YOUR OBJECTIVE
Using the records below, return exactly the lines from the one containing "Smart Design Adjustable" through the last, and omit pictures.

========================

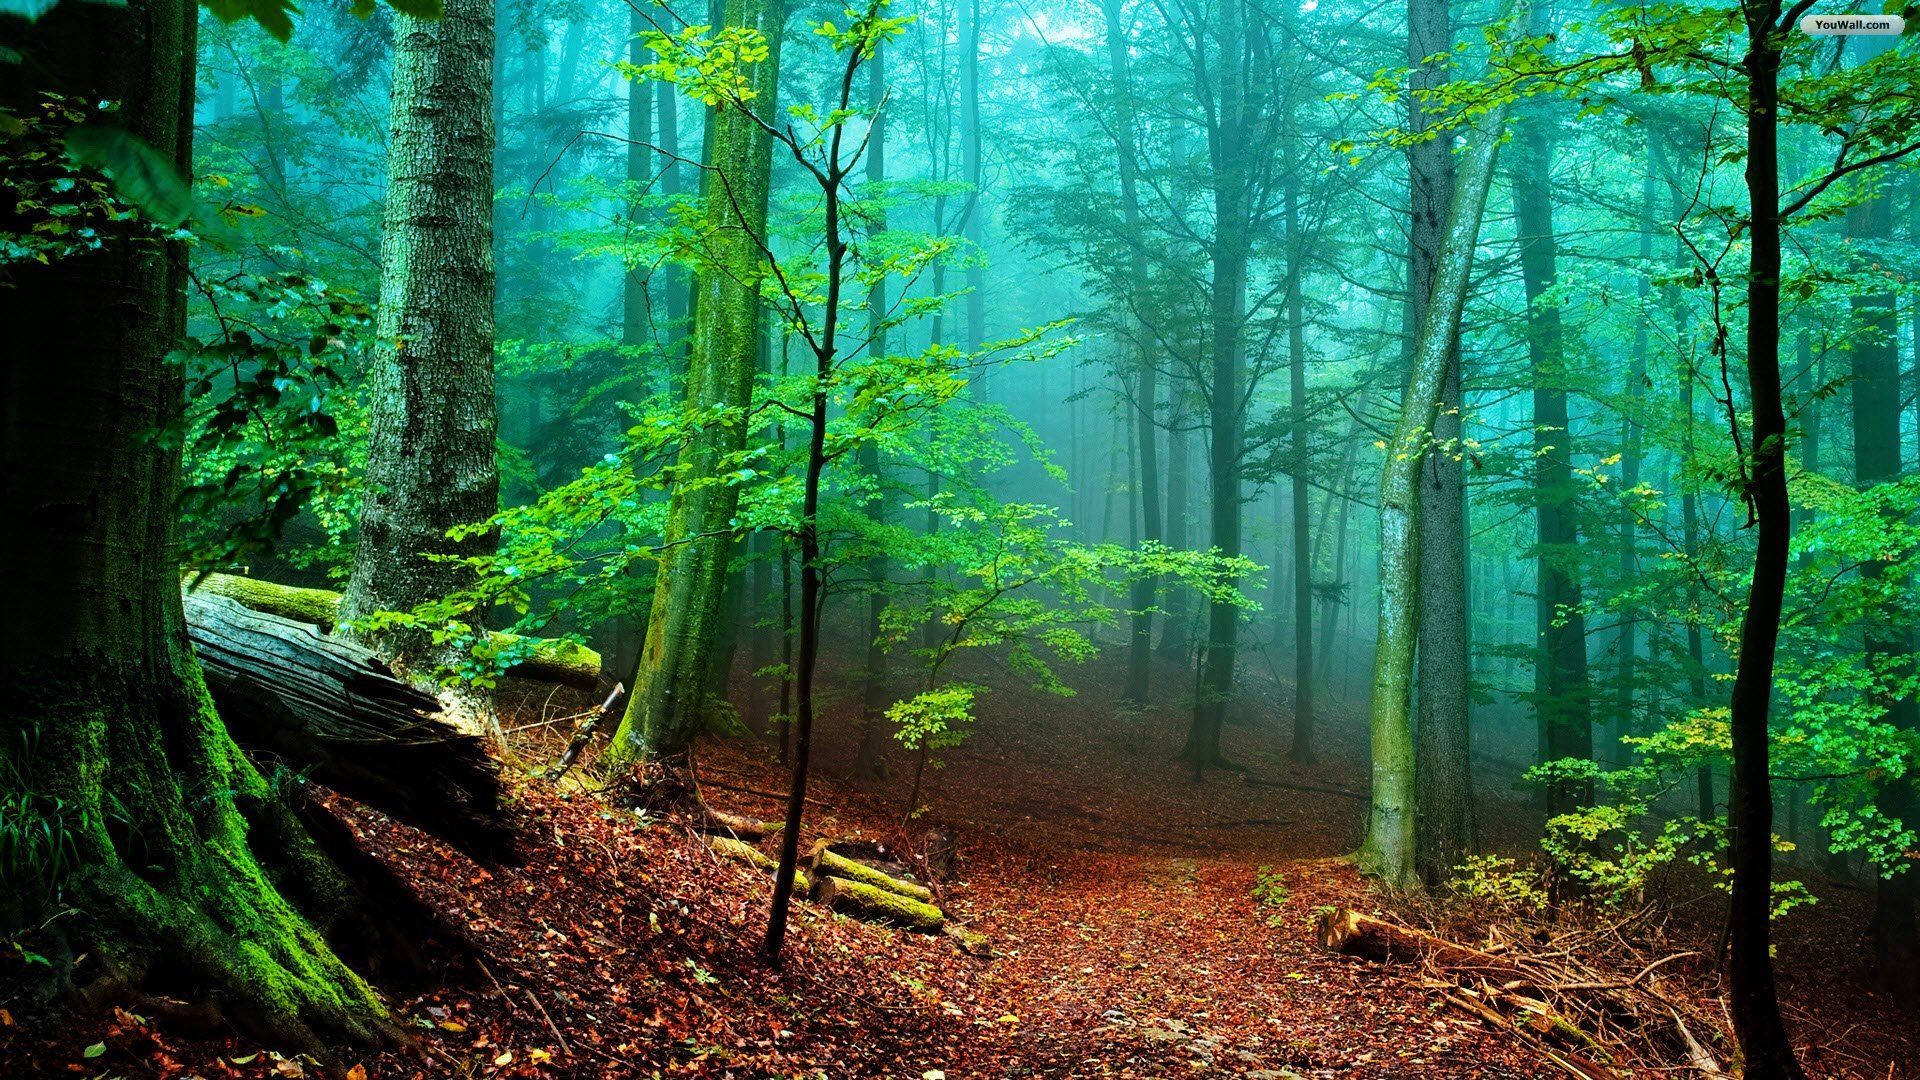 misty forest wallpaper,forest,woodland,nature,natural landscape,old growth forest
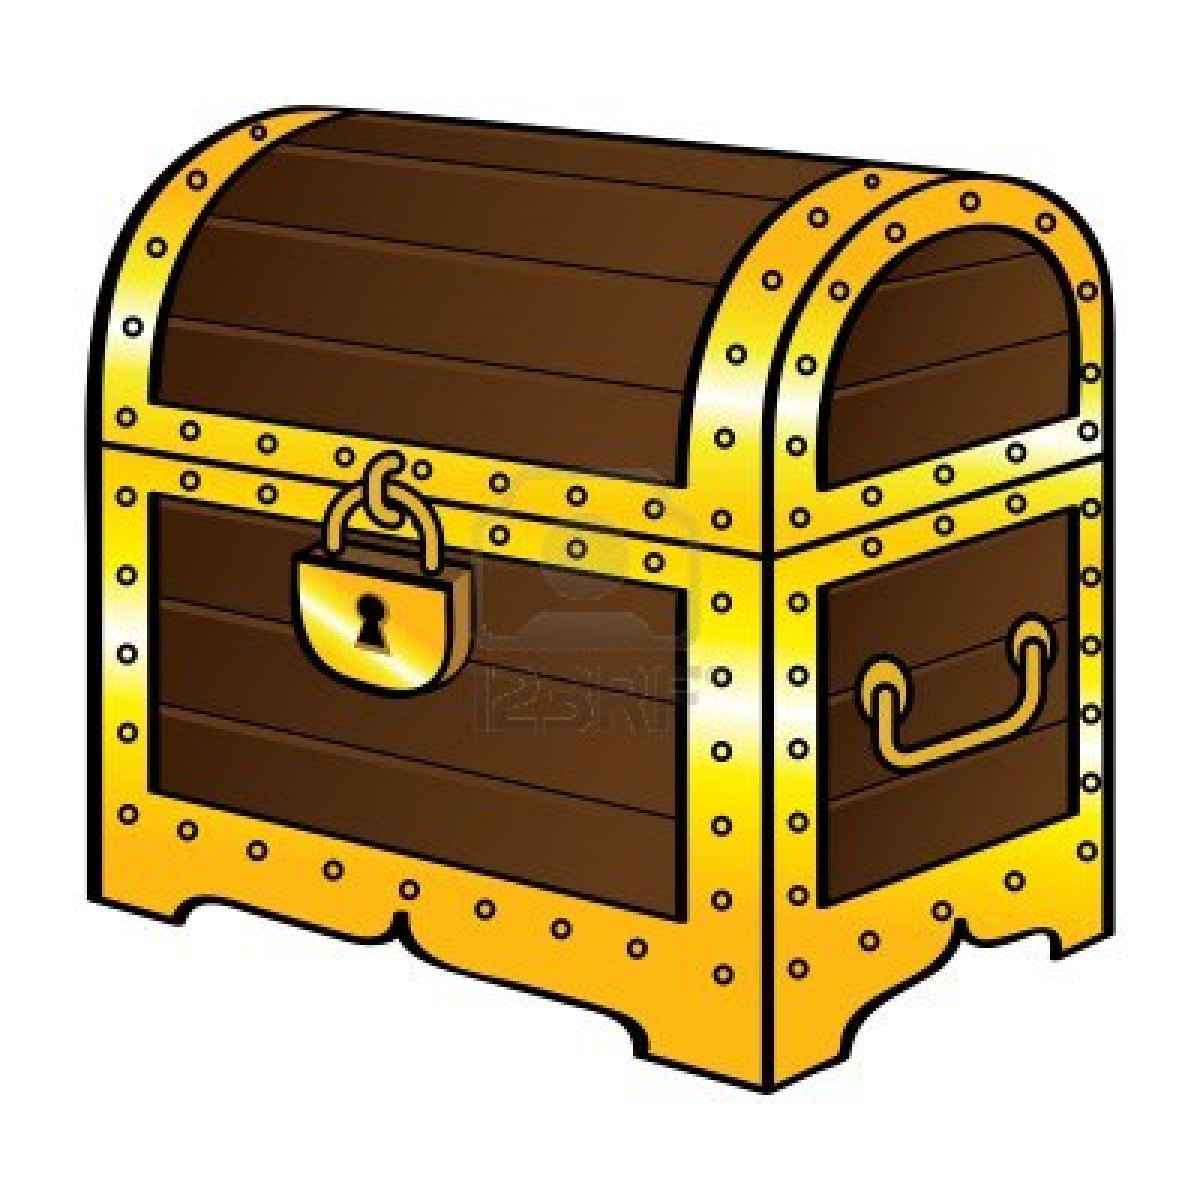 Closed Treasure Box Clipart Displaying 14 Good Pix For Closed Treasure
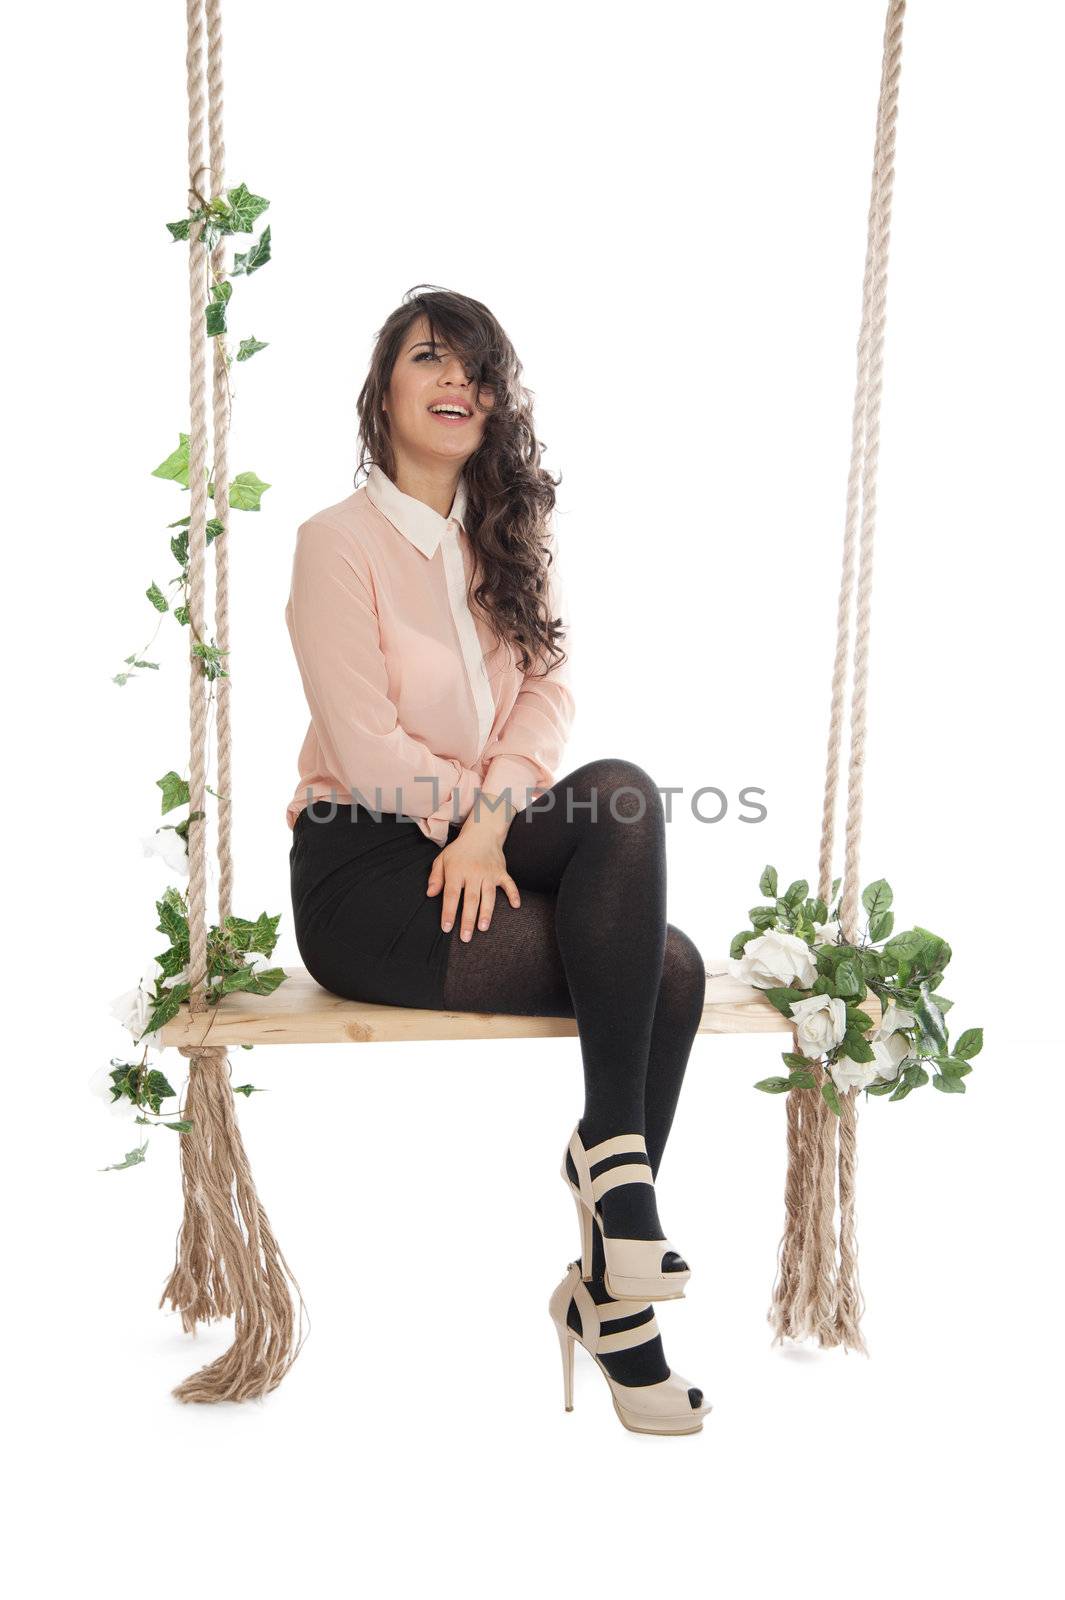 A woman is sitting on a swing by raduga21
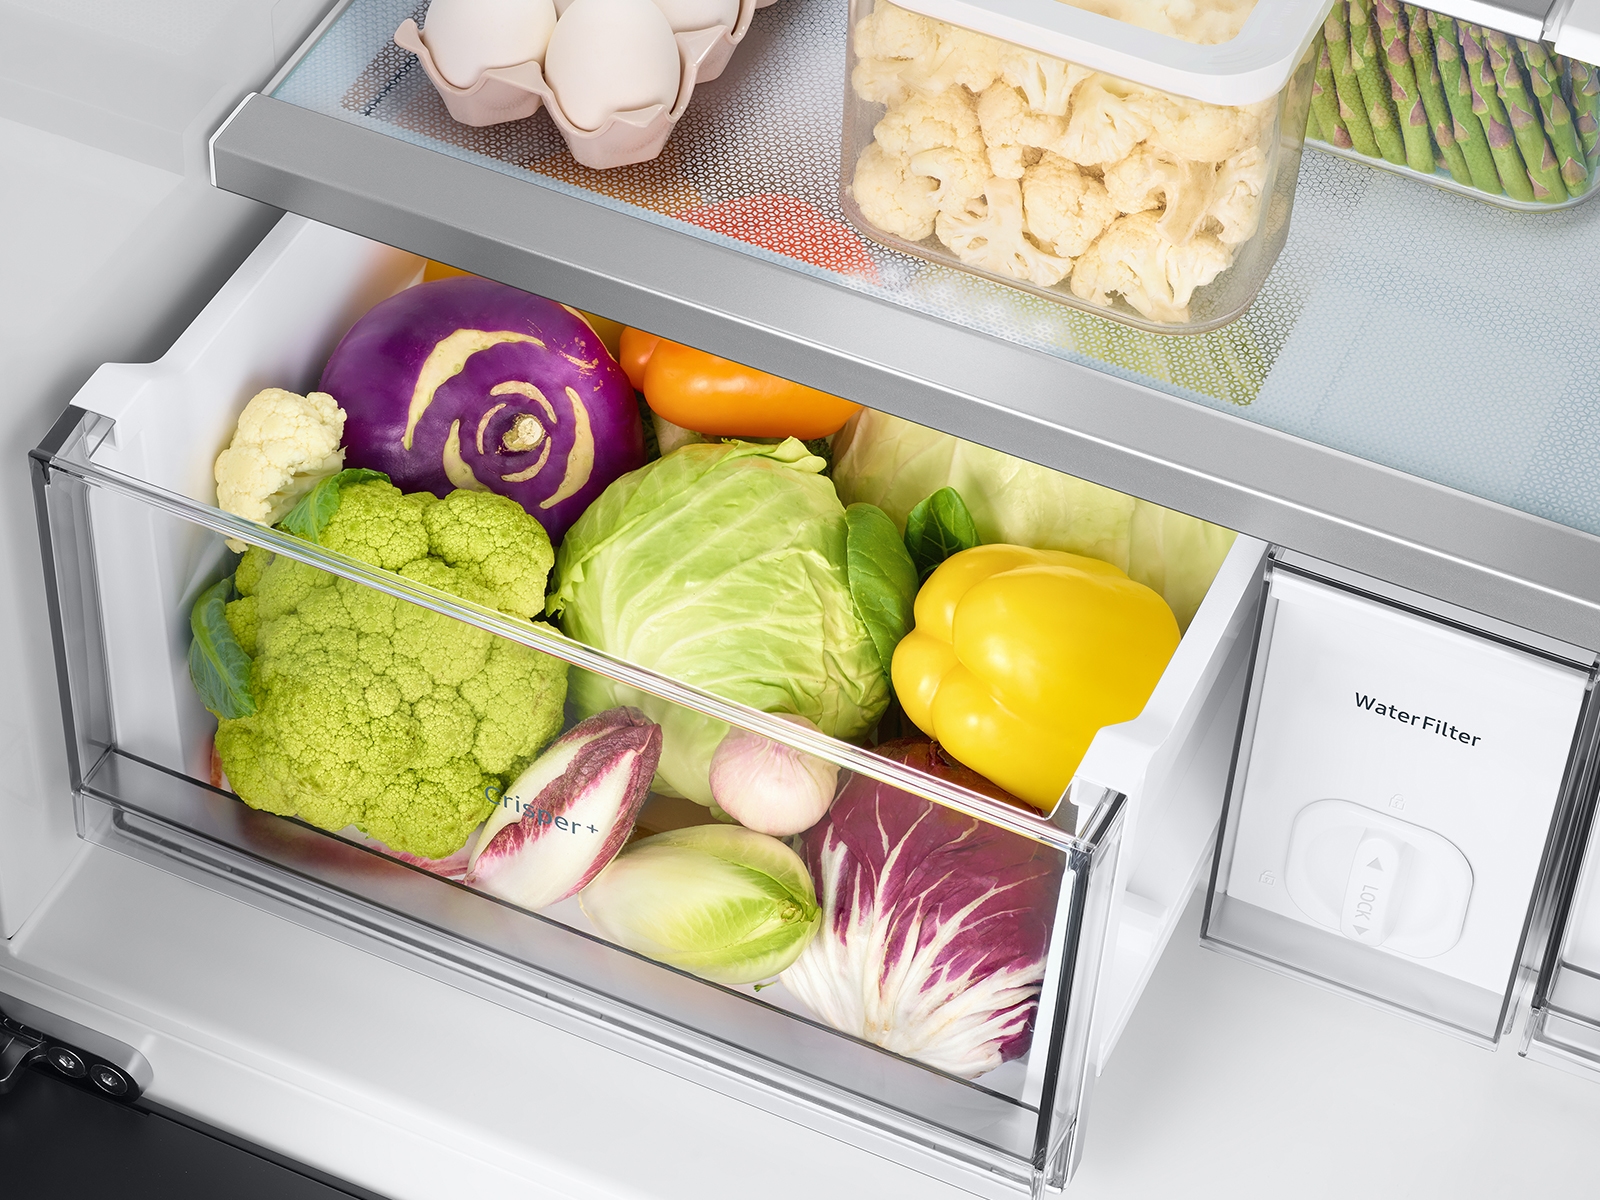 Smart Design Adjustable Pull Out Refrigerator Drawer - Extra Large - White
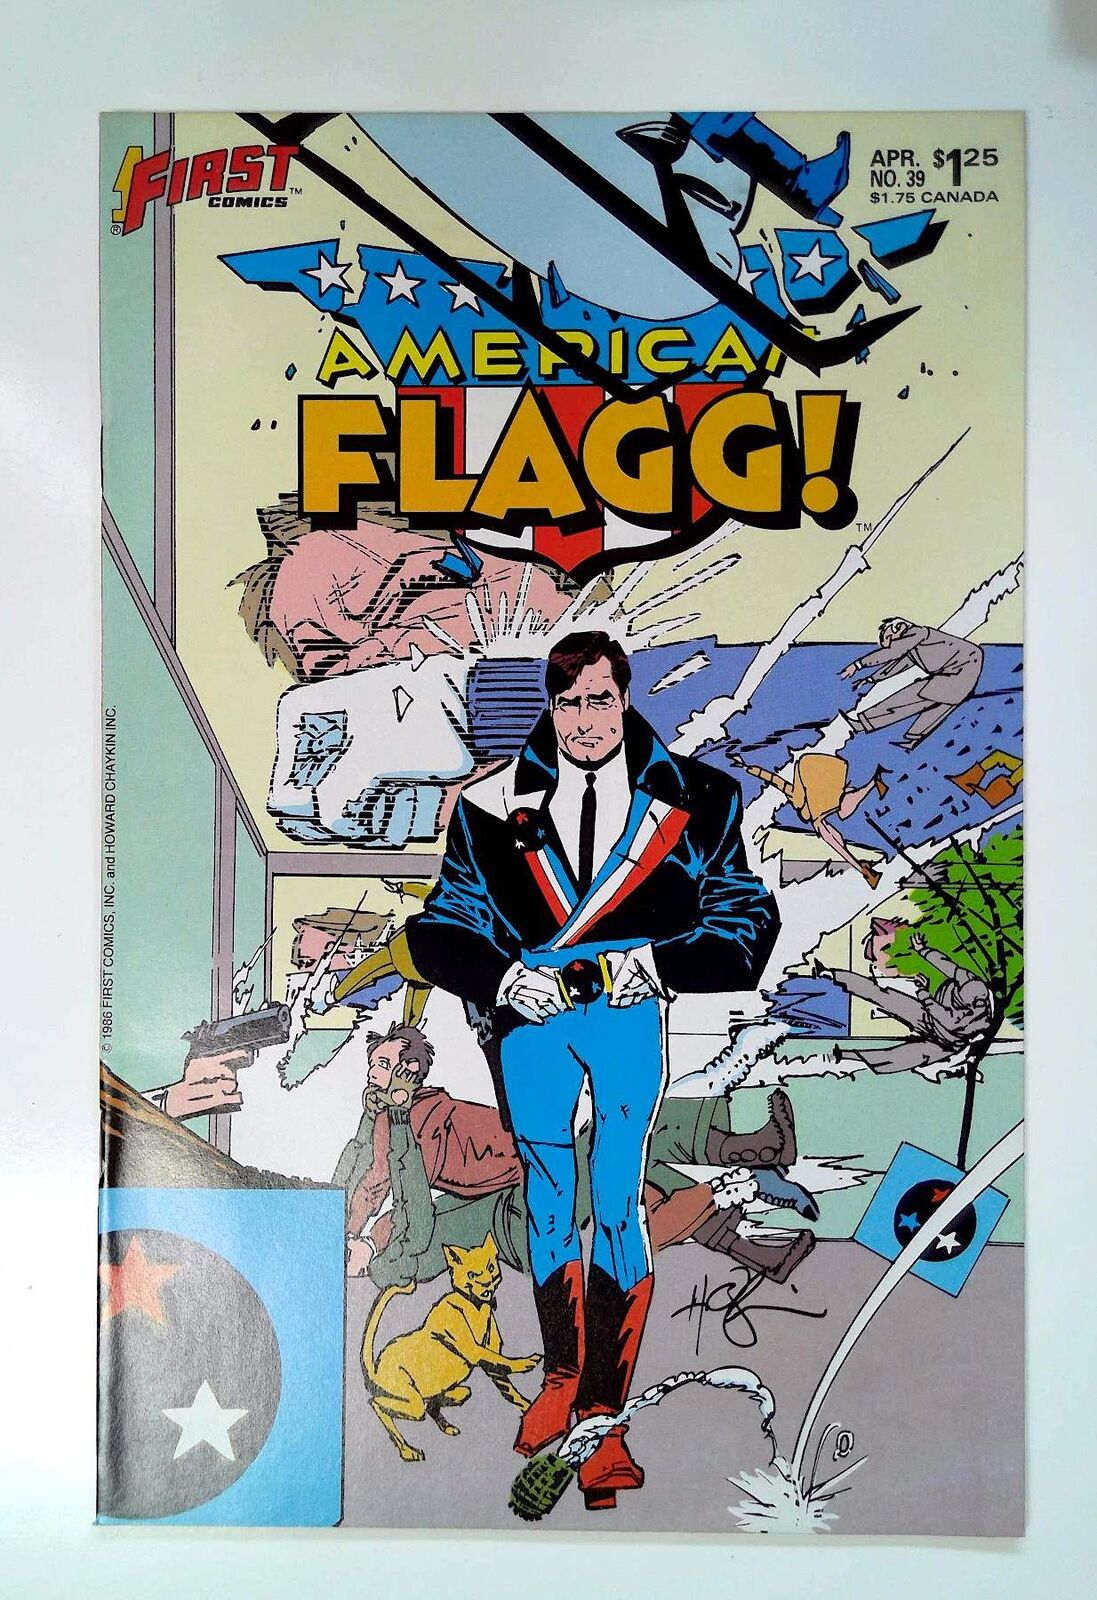 American Flagg #39 First Comics (1987) VF 1st Series 1st Print Comic Book

========================

ANSWER SPACE
 Smart Design Adjustable Pull Out Refrigerator Drawer - Extra Large - White
 American Flagg #39 First Comics (1987) VF 1st Series 1st Print Comic Book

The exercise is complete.